■ Dataset content

= Beginning of Section =

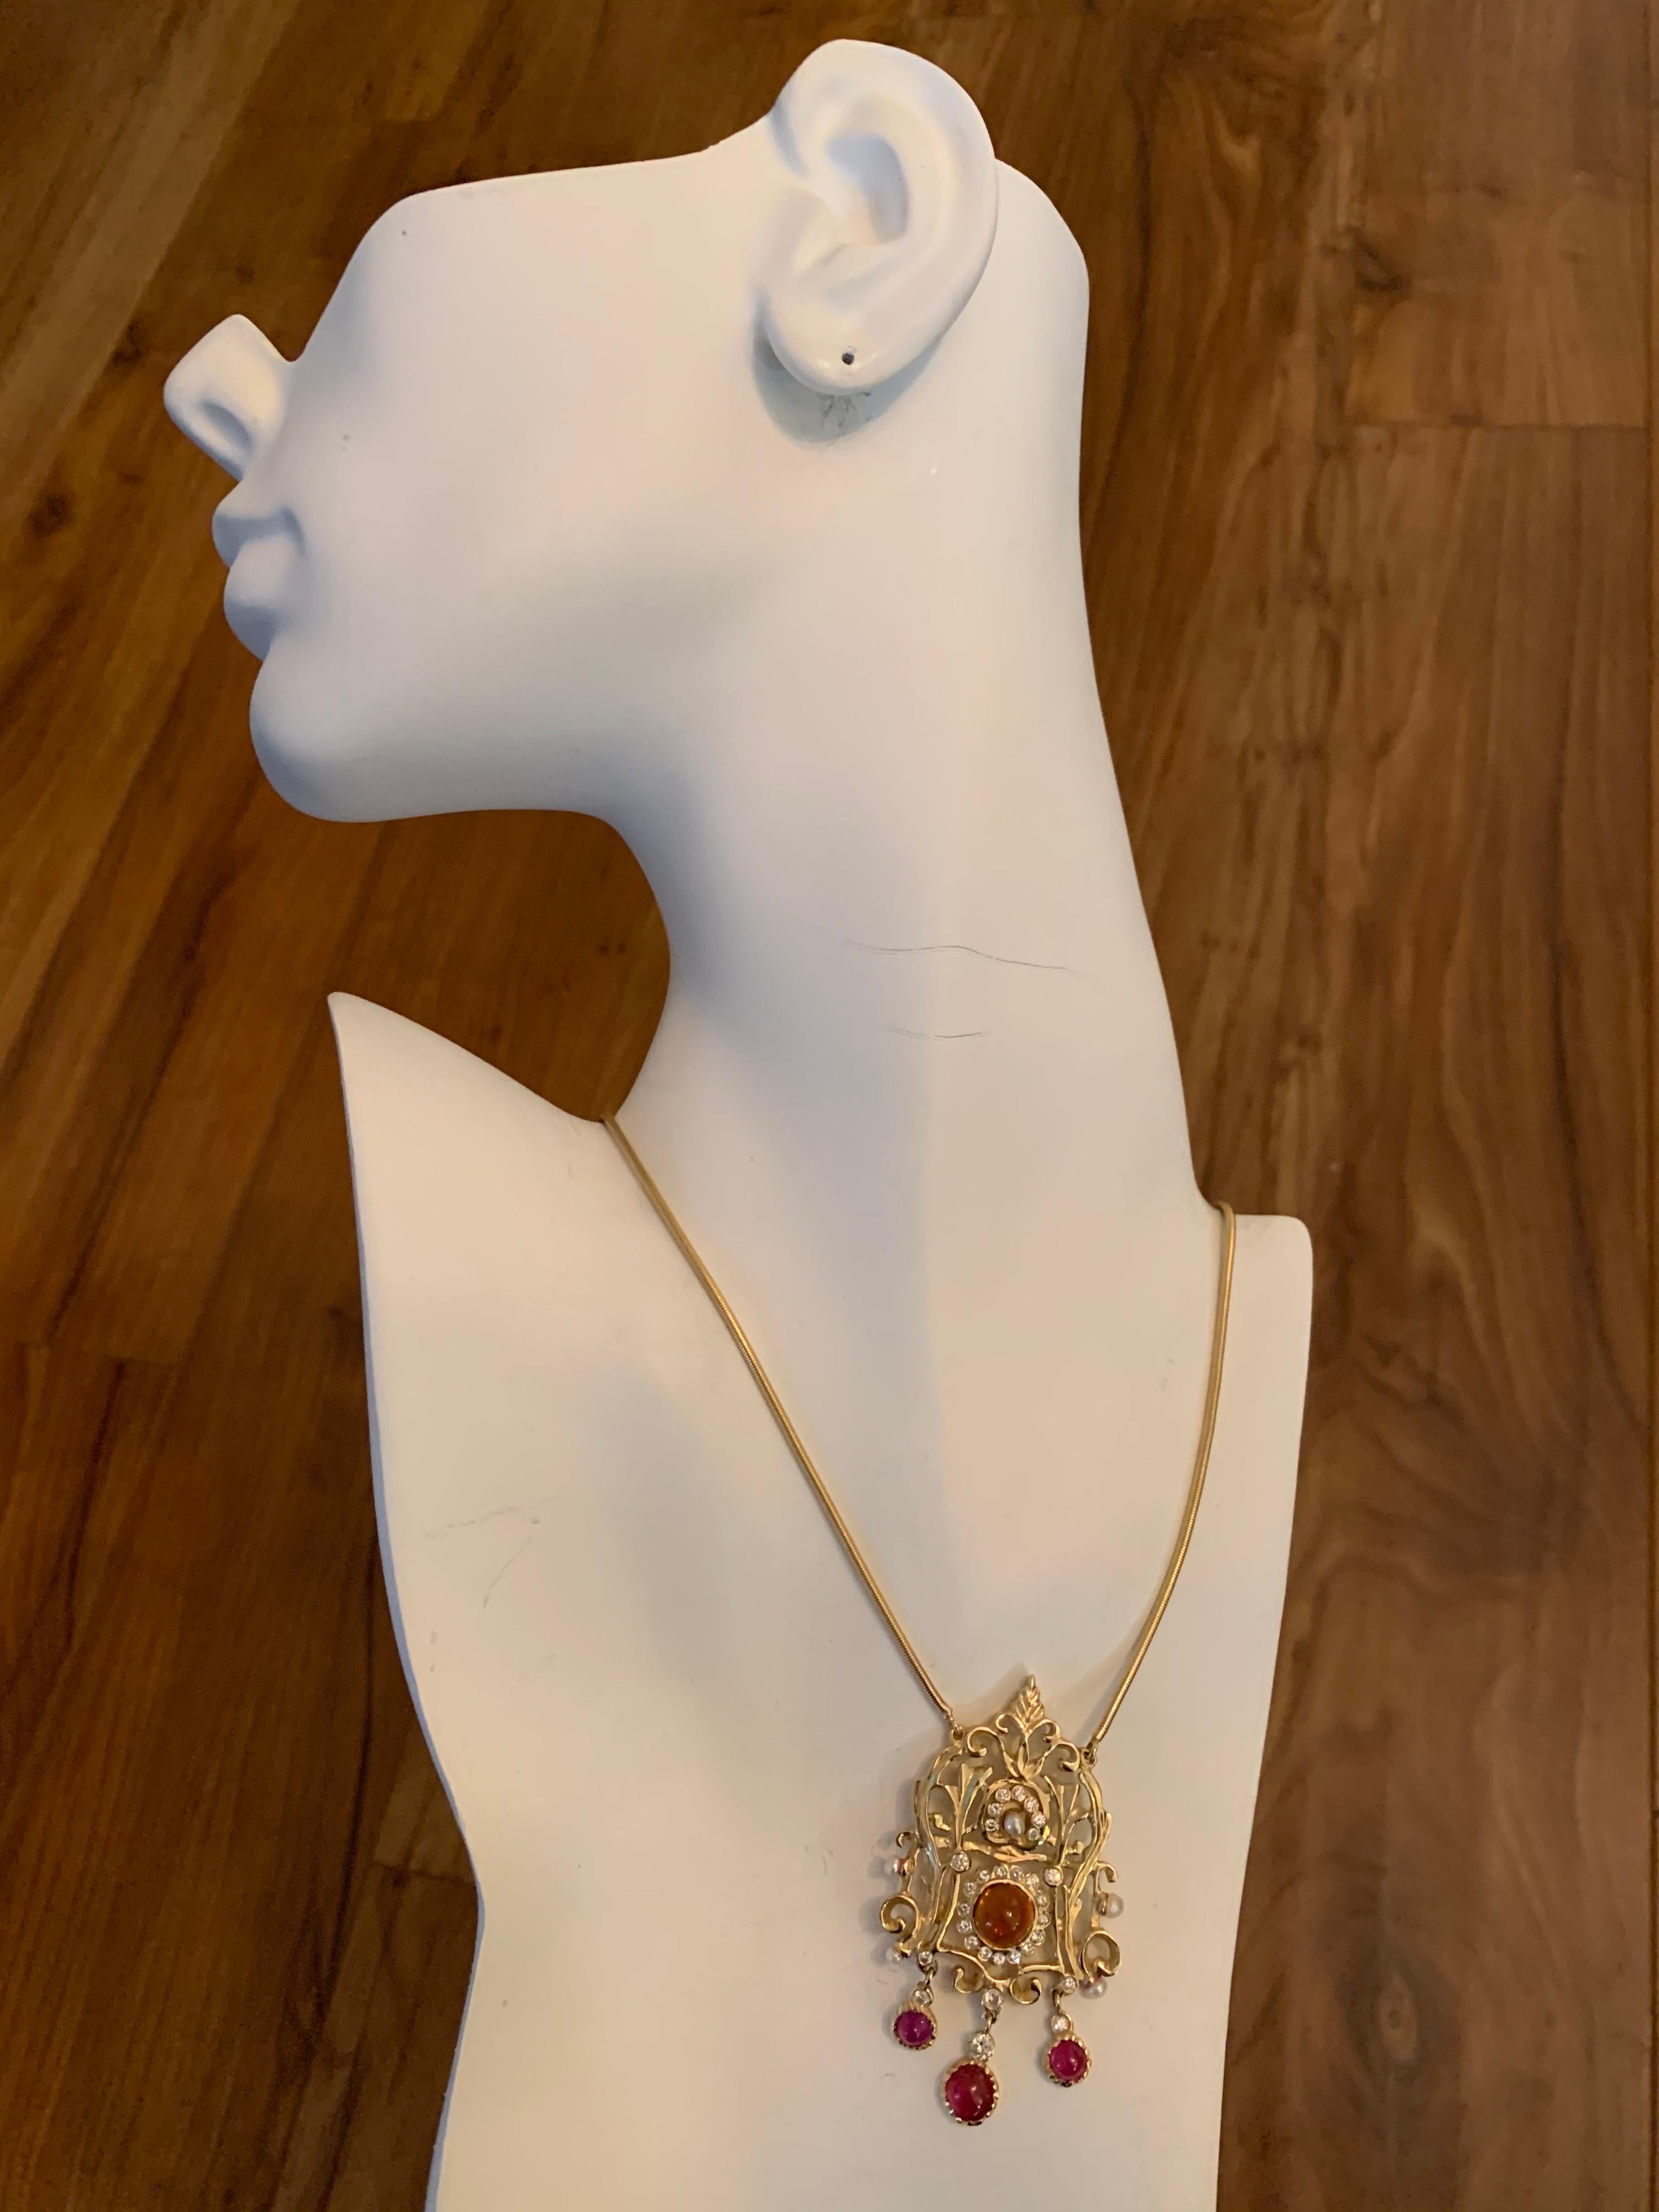 Retro 14k Yellow Gold Pendant 6 Carat Natural Diamond, Ruby, Quartz Gemstone Circa 1960. 

The piece is set with 30 Natural diamonds weighing approximately 1 carat (G-I, VS-I), 3 natural cabochons & 1 quartz weighing approximately 5 carats. 

The

= End of Section =

■ Work required
The answer must be the data above, repeated exactly, with no pictures.

■ Exercise response
 Retro 14k Yellow Gold Pendant 6 Carat Natural Diamond, Ruby, Quartz Gemstone Circa 1960. 

The piece is set with 30 Natural diamonds weighing approximately 1 carat (G-I, VS-I), 3 natural cabochons & 1 quartz weighing approximately 5 carats. 

The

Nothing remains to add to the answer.